Das Moratorium für Großveranstaltungen wirft für Inhaber bereits gekaufter Eintrittskarten Fragen auf. Bei der Verschiebung von Terminen behalten die Tickets ihre Gültigkeit. Was aber, wenn jemand seine Karten dennoch zurückgeben möchte? Bei MainLit etwa bekommt man sie erstattet. "Warum sollten wir Gäste verärgern", sagt Jochen Bähr. Andere Veranstalter wollen dazu erst noch informieren.
Laut einer Pressemitteilung des Staatsministeriums für Wissenschaft und Kunst hat sich Minister Bernd Sibler für eine Kulanzregelung eingesetzt: „Wer für diesen Zeitraum ein Ticket gekauft hat, kann dieses an den entsprechenden Einrichtungen zurückgeben und erhält sein Geld selbstverständlich zurück." Dies sei eine vertrauensbildende Maßnahme und verdeutliche den hohen Wert von Kunst und Kultur für den Freistaat.
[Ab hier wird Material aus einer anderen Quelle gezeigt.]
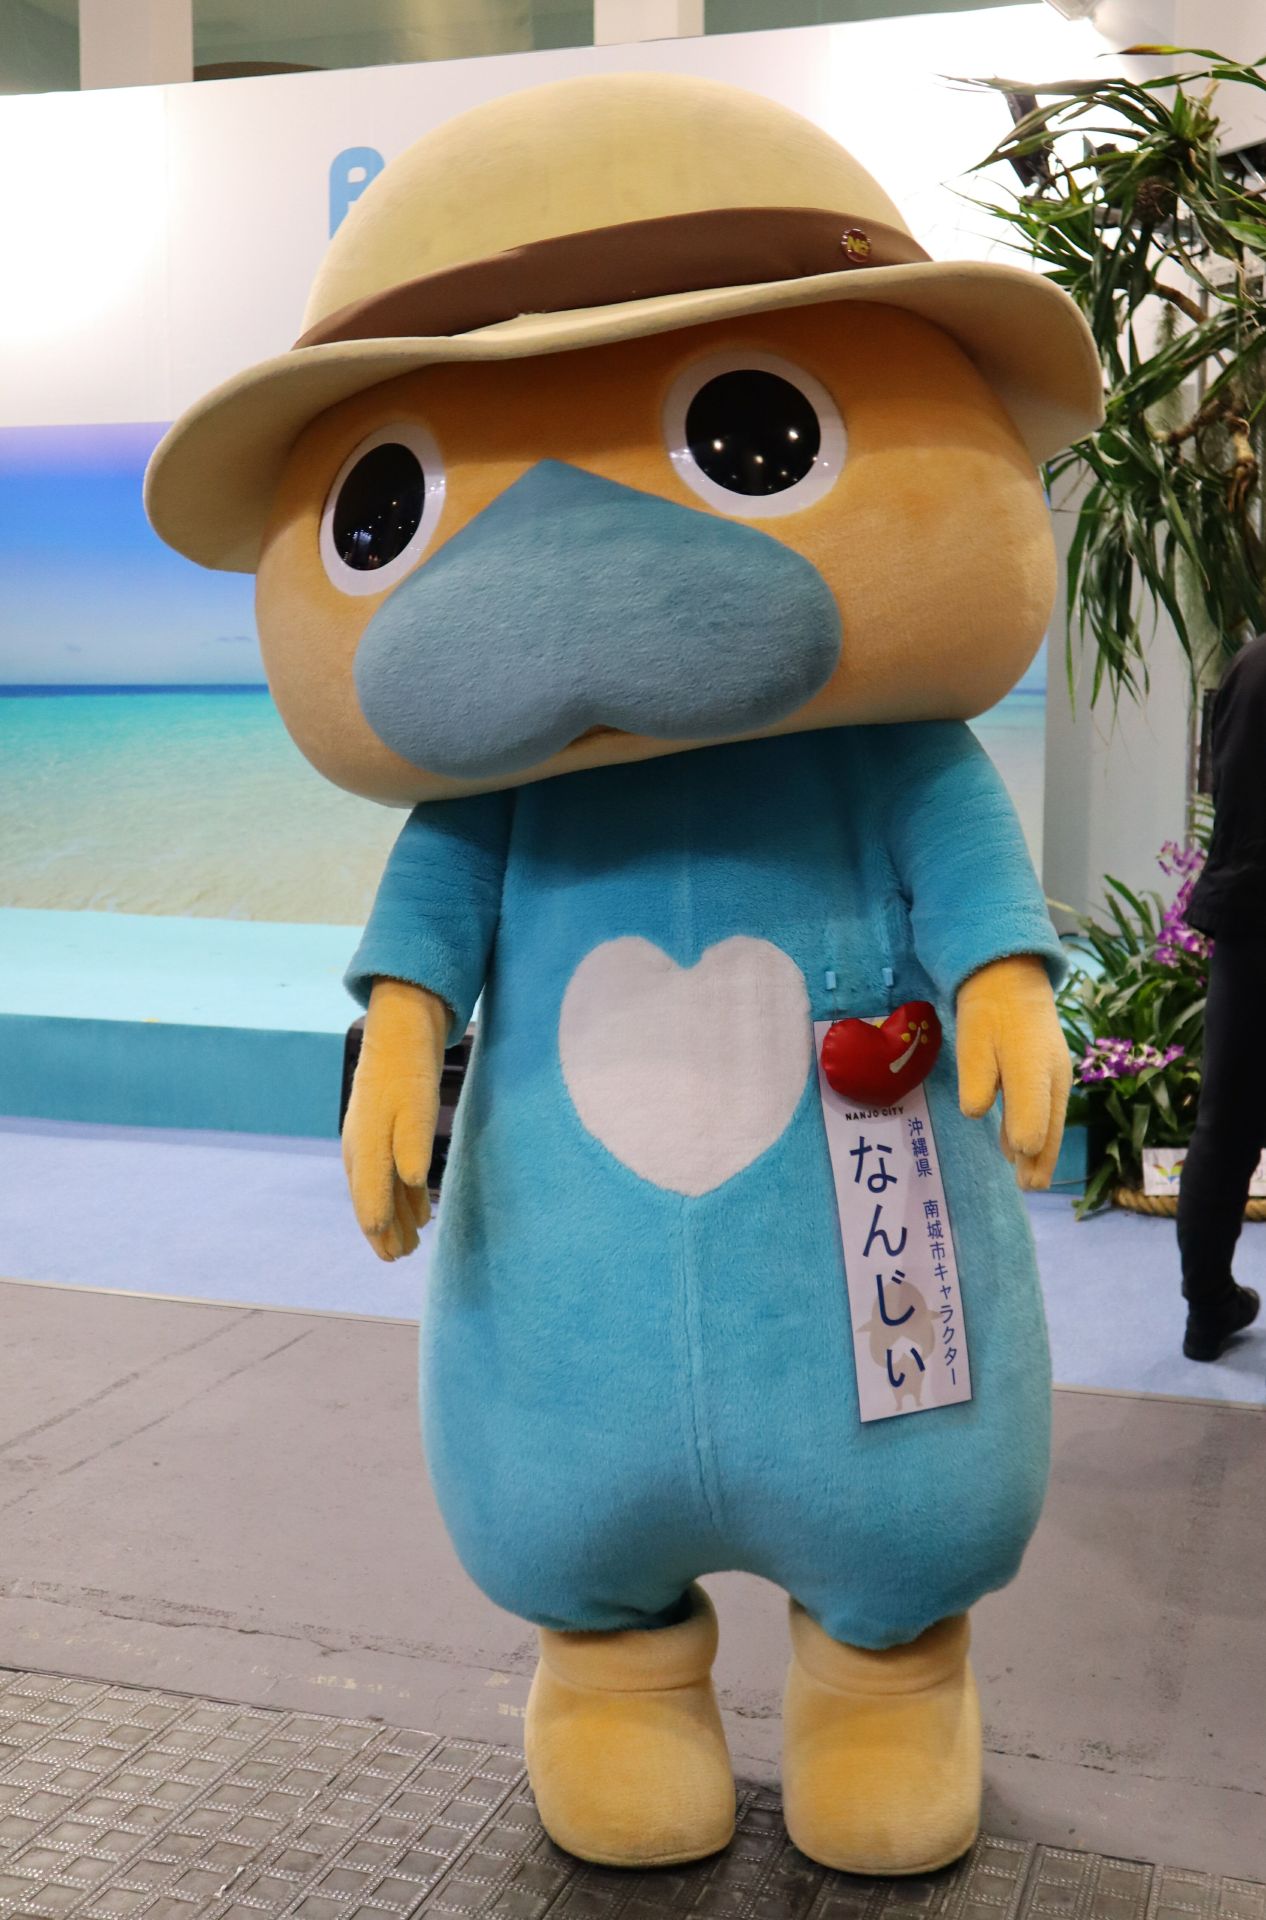 Japanese Mascot Photograph Yuruchara Jp ゆるキャラ なんじぃ 沖縄県南城市 沖縄 本島の南部に位置する南城市のマスコットキャラ

Der Beschluss der Staatsregierung sieht auch vor, dass die Vorlesungszeit an den Bayerischen Kunsthochschulen erst am 20. April 2020 beginnt und zudem alle staatlichen Konzertsäle bis einschließlich 19. April 2020 geschlossen sind. "Dies hat zur Folge, dass alle Konzerte an der Hochschule für Musik Würzburg, die in diesem Zeitraum liegen, entfallen werden", so eine Mitteilung der Hochschule. Betroffen sind etwa das Antrittskonzert der neuen Gesangsprofessorin Alexandra Coku, ein Jazzkonzert mit Hans Peter Salentin und Band, die beliebten Mittagstermine "Musik publik" und Vorspielabende verschiedener Instrumentalklassen.
Der Münchner Beschluss betrifft im übrigen nicht nur kommerzielle Kulturveranstaltungen. So muss auch das Gedenkkonzert im Kiliansdom am Montag, 16. März, zum 75. Jahrestag der Zerstörung Würzburgs ausfallen. Die Veranstaltung hätte über 1000 Besucher erreicht. Bereits gekaufte Karten können bis spätestens 17. April bei der jeweiligen Verkaufsstelle zurückgegeben werden, das Geld wird dann erstattet, so eine Mitteilung der Diözese.